Proposed Revised Standards of Conduct
The State Court Administrative Office (SCAO) has therefore proposed a revised version of the Standards of Conduct for Mediators that not only provides the kind of detailed guidance found in the Model Standards, but also covers all types of mediations, including domestic relations, general civil, and probate. I wrote about highlights of these proposed Standards in my blog in November 2011. SCAO posted the Standards for comment this past winter, and convened the Standards Committee again last month to address the comments received. A modified revision will be forthcoming shortly.
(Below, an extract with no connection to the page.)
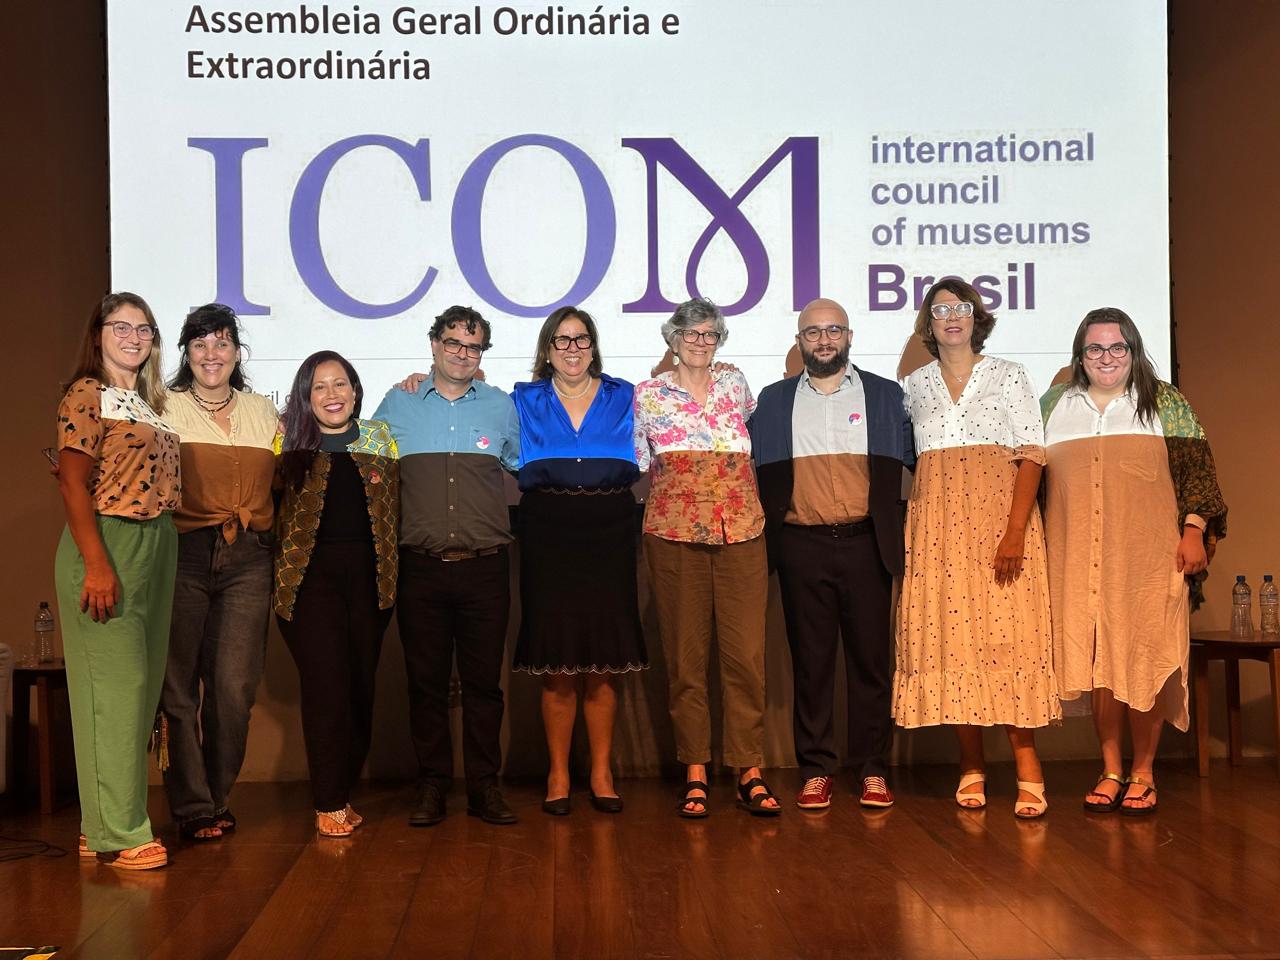 oito pessoas abraçadas em frente à uma projeção no qual está escrito Assembleia Geral Ordinária e Extraordinária ICOM Internation Council of Museums Brasil

Meanwhile, I have had the privilege of training Michigan mediators in these proposed Standards, and have received a wide range of reactions to them. Mediators with a varied practice are generally relieved to have only one set of Standards to consult. Some appreciate the specific reminders in this lengthier version—e.g., that fee arrangements should be in writing, that a mediator should withdraw from illegal agreements, that both the parties and the mediator should determine who participates in the mediation.
Complaints about the proposed Standards
But others have expressed concern about these new Standards. Will these more specific provisions give parties more grounds for grievances against their mediator? Is it too much for a mediator to try to remember? Do they set the bar too high? If no one was complaining about mediator behavior, why mess with success? Did we really need new Standards of conduct? One mediator told me sadly that these proposed Standards will take away her joy in mediating, because now she’ll be worried at every turn that she might be violating one of the innumerable provisions. Another commented that, if he had learned all these Standards when he first got trained to mediate, he would never mediate, out of fear.
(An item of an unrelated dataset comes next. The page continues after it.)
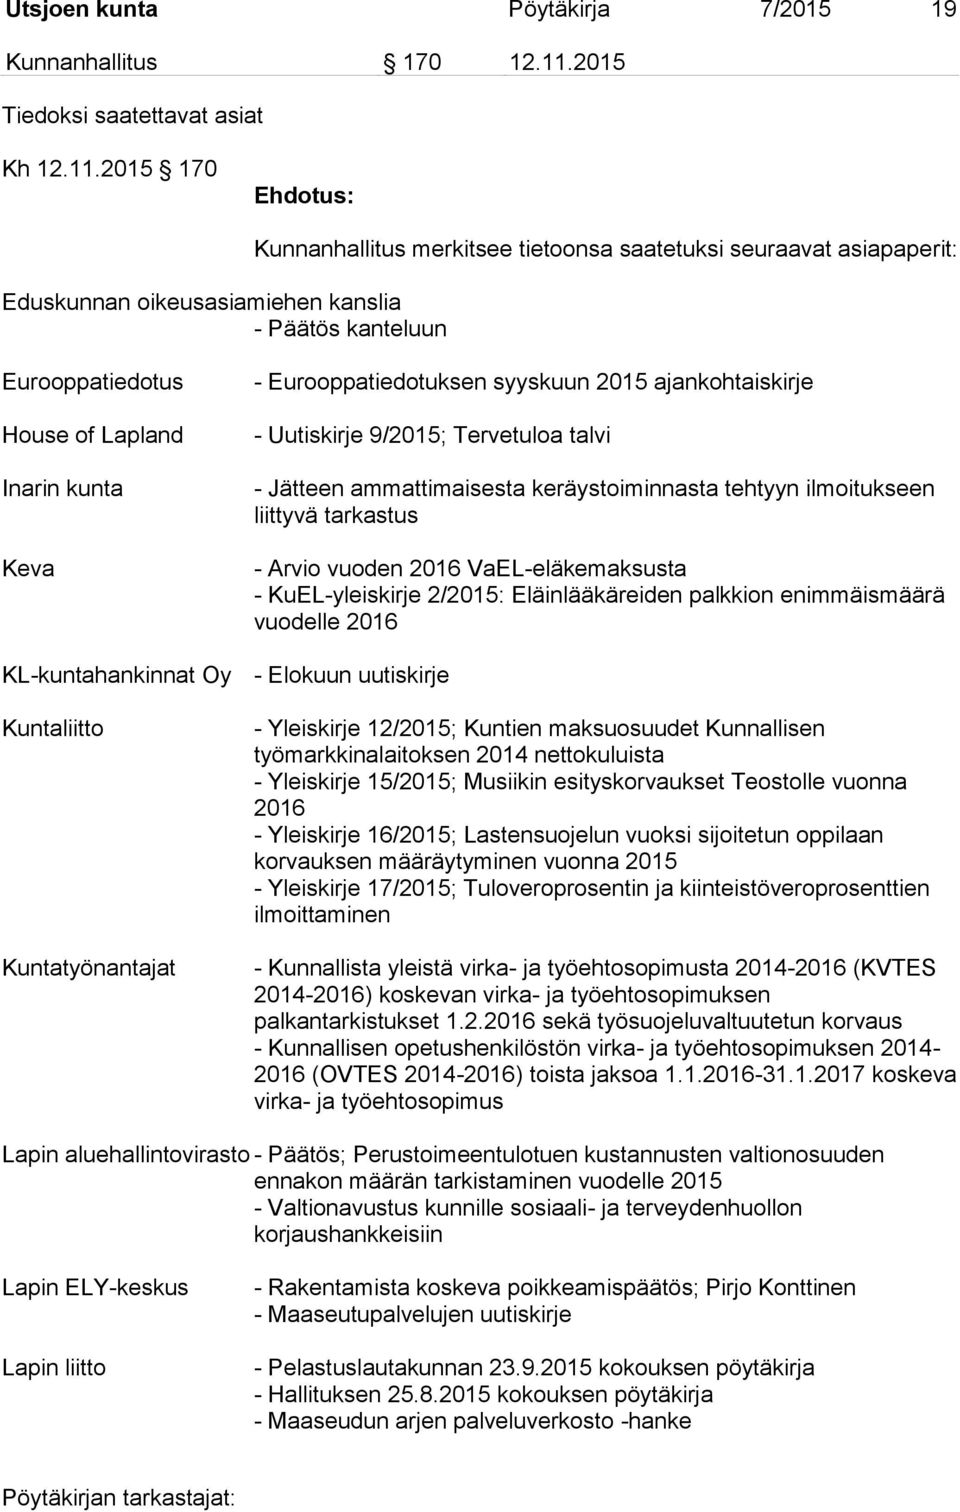 2015 170 Eduskunnan oikeusasiamiehen kanslia - Päätös kanteluun Kunnanhallitus merkitsee tietoonsa saatetuksi seuraavat asiapaperit: Eurooppatiedotus House of Lapland Inarin kunta Keva -

A lawyer-mediator complained to me that it’s in the nature of committees to complicate the simple, and to elaborate on the concise. He sees the current Standards more like the Constitution—a concise, pithy document–, and the proposed Standards more like regulations that number into the thousands, anticipating problems no one has. “Regulations should not overwhelm the mediation process and reduce it to the IRS code, beset with minefields,” he said.
My response to the complaints
Parties rarely sue, or even complain about, their mediator—and even if they did, I don’t think that’s a good reason to reject more thorough standards of conduct. The absence of complaints about mediators doesn’t mean that mediators can stagnate; we should always strive to improve our practice. I see the proposed Standards as a much more helpful tool for mediators, both outside of and during a mediation, than the current Standards, which never seem to answer my particular question regarding ethical obligations. I don’t think the proposed Standards set a higher bar than the current Standards—at least, not too much higher. I think they provide better explanations of what that bar is, and how to attain it. But the bottom line is that I’m not objective. I helped draft these Standards, so there’s definitely some pride of authorship. I’m sort of a “geek” about Standards; they give me comfort – I love knowing that better minds than mine have carefully thought about potential problems and how to avoid or navigate through them.
What do you think? Are Michigan mediators better off with ten pages of ethical standards, or two?